Payload

The input of the ingester is a payload. It contains an AOI, a date interval, parameters defining the raw products, parameters defining the processing and parameters defining the products to be ingested in the Geocube.

The payload is a GeoJSON (all fields are mandatory unless otherwise stated):

  • AOI according to GeoJSON standards (type, geometry, coordinates...)
  • name: Unique name used to identify the Area in the workflow. After a first ingestion, new scenes can be added to the same area, benefiting from automatic scenes reference picking (useful for S1-bursts).
  • start_time, end_time: date interval
  • scene_type: describing the type of the products to be downloaded
    • constellation: Name of the Satellite Constellation (currently supported : sentinel1, sentinel2)
    • parameters: (optional) specific parameters to filter the results (see Catalogue API guide)
  • scene_graph_name: name of the graph that will be used just after downloading the scene (or "CopyProductToStorage") (see Processing Graphs)
  • tile_graph_name: name of the graph that will be used to process each tiles (or "Pass") (see Processing Graphs)
  • graph_config: (optional): specific configuration of the graphs
  • layers: mapping between layers to be indexed in the Geocube and the corresponding variable.instance from the Geocube (see Geocube Documentation).
    • layername: {"variable":"variable_name", "instance":"instance_name"}
  • record_tags (optional): user-defined tags for identifying/creating the record in the Geocube.

Inputs

In ingestion payload, geometry, start_time, end_time and scene_type are mandatory in order to list available scenes covering by AOI and between range of time.

Sentinel1

We need to use scene_graph_name in order to extract every bursts from Scenes. This step is processed in downloader as pre-processing (1 job per Scenes).

tile_graph_name defines processing to use for every Tiles. This step is processed after downloading every Scenes (processor) (1 job per Tiles).

Sentinel2, SPOT, PHR

We need to use scene_graph_name in order to pre-process data (example: extract Panchromatic & MultiSpectral Image from DIMAP product).

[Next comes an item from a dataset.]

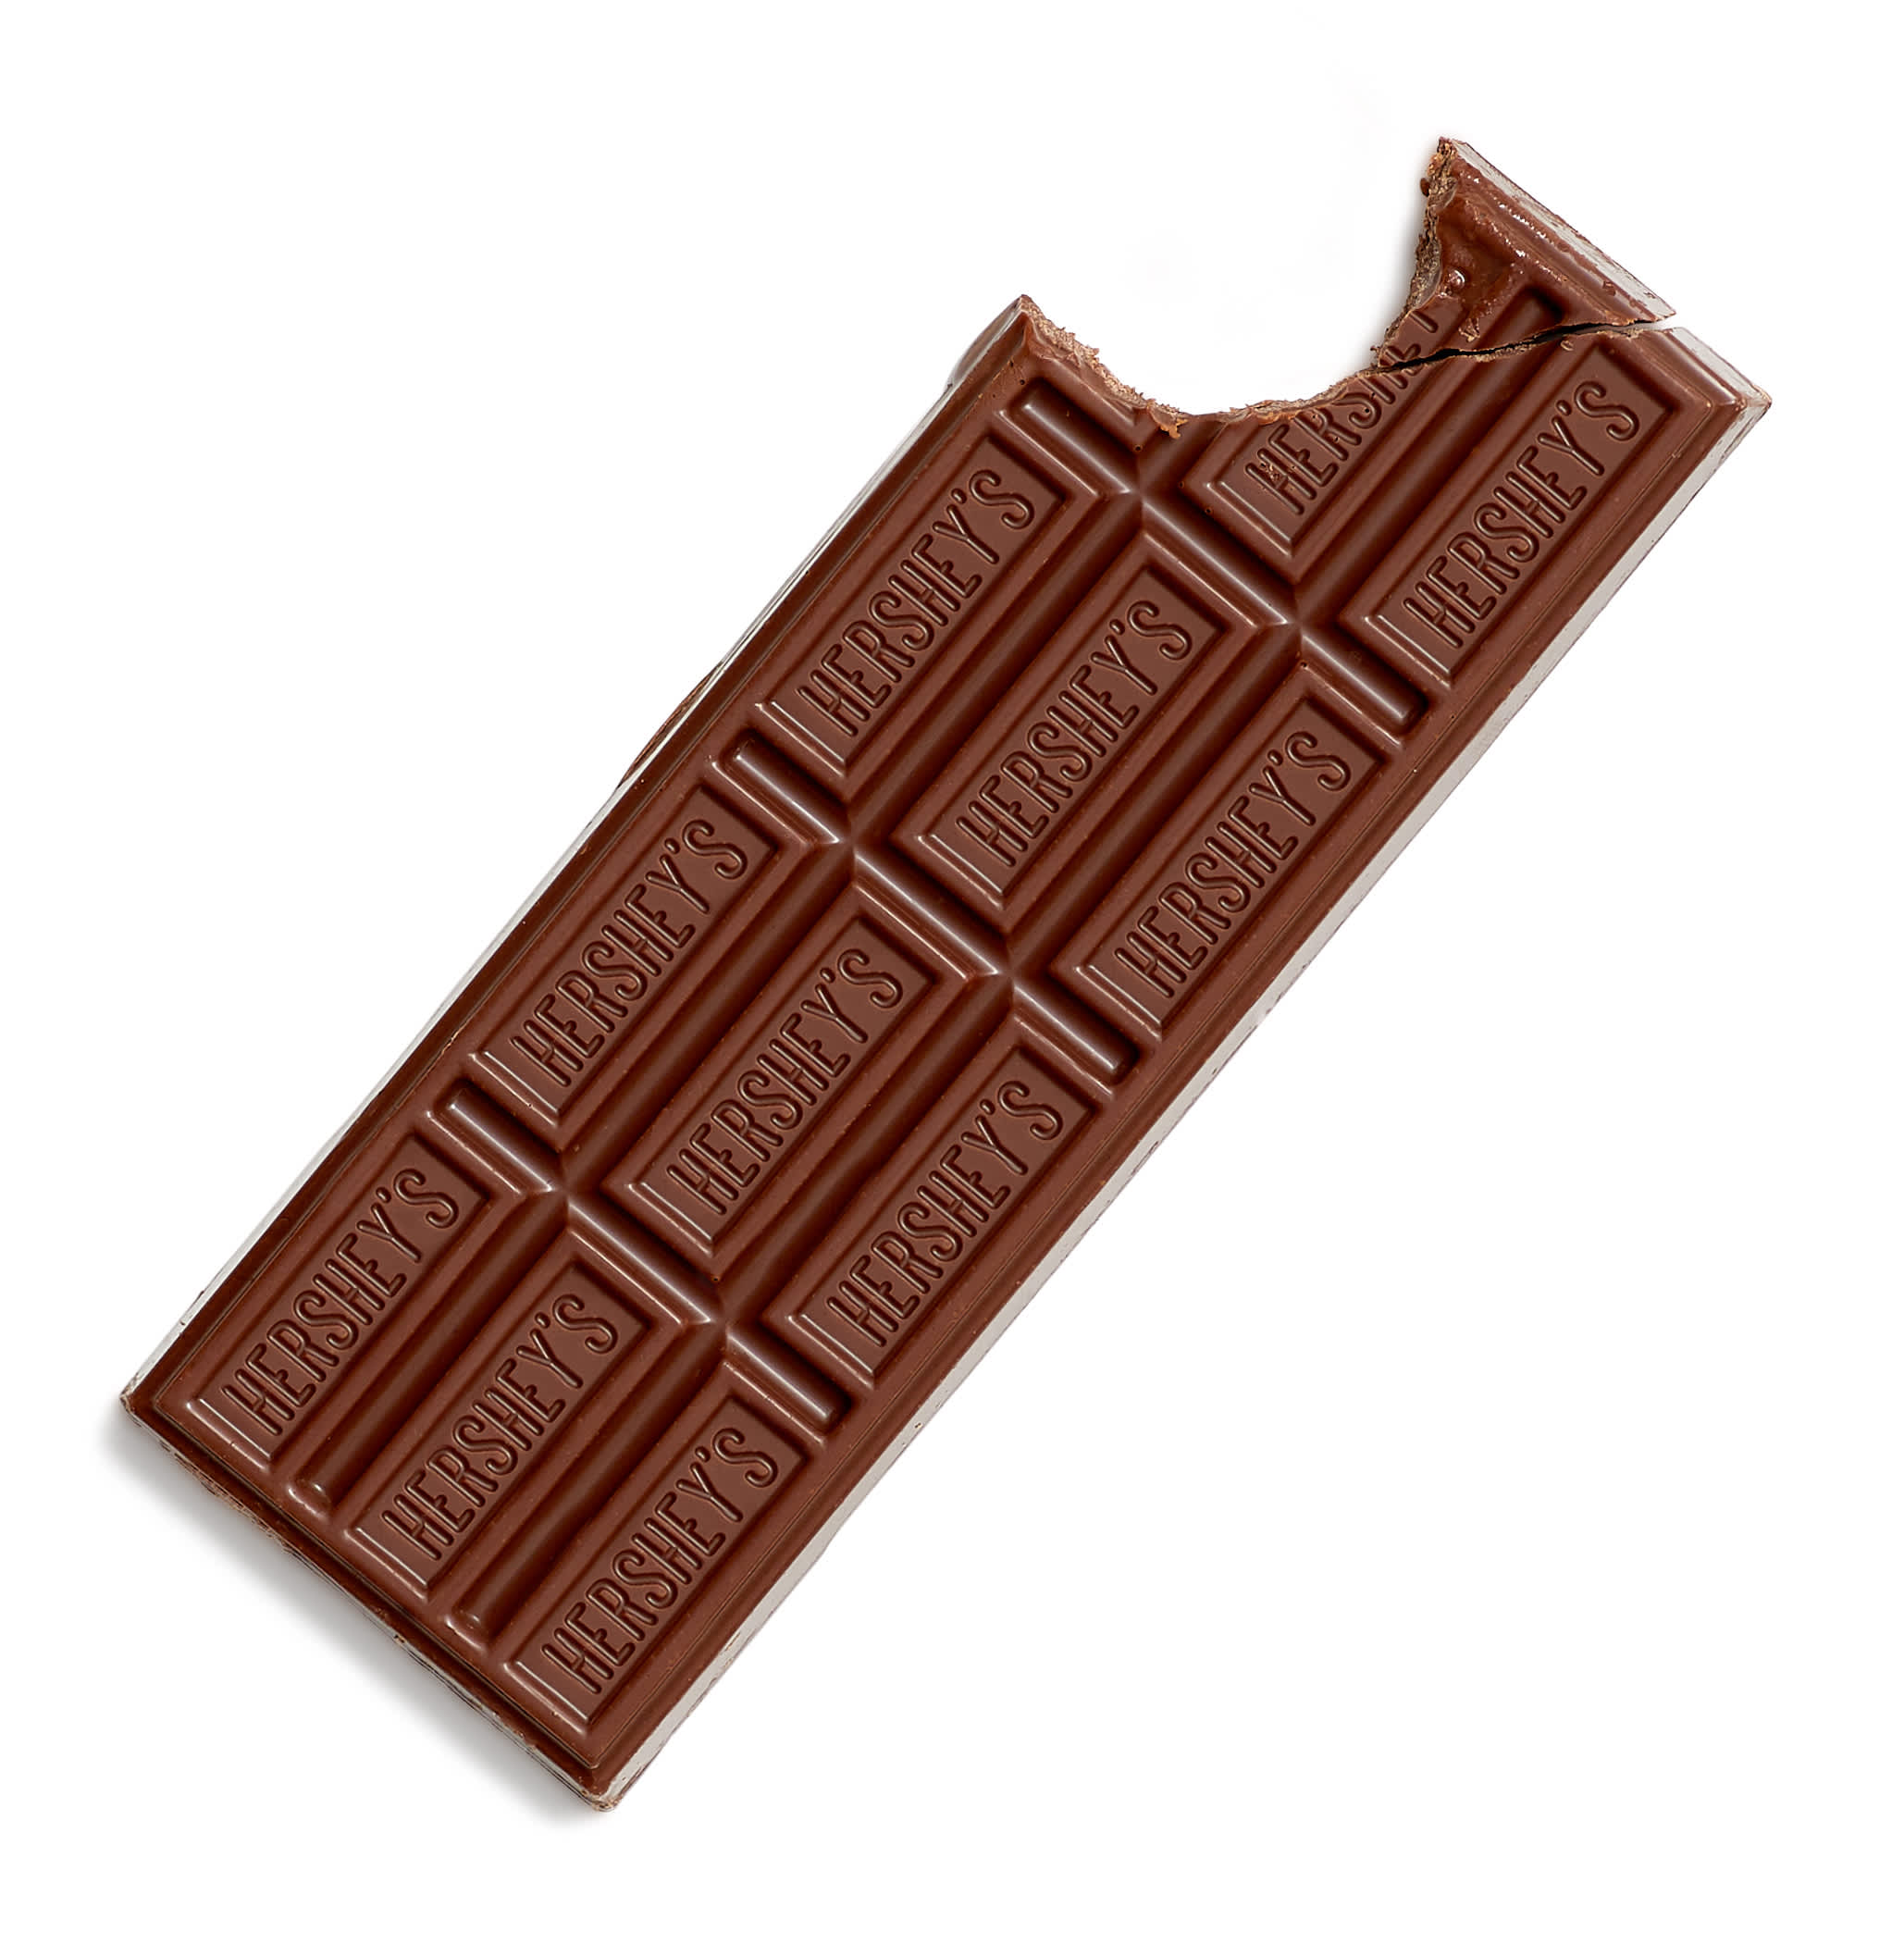 A Hershey chocolate bar with a bite taken out

tile_graph_name defines processing to use for every Scenes/Tiles. This step is processed after downloading every Scenes (processor).

cf. Payload ingestion

Catalogue APIS

Copernicus

Copernicus available parameters: productType,platformname,polarisationmode,sensoroperationalmode, cloudcoverpercentage, relativeorbitnumber and filename

OneAtlas

OneAtlas available parameters: productType,platform,processingLevel,cloudCover, incidenceAngle, workspace and relation

NB: To use other parameters or mix different kind of imagery. You need to group all your images in the same workspace (via OneAtlas) and reference only workspace in payload ingestion.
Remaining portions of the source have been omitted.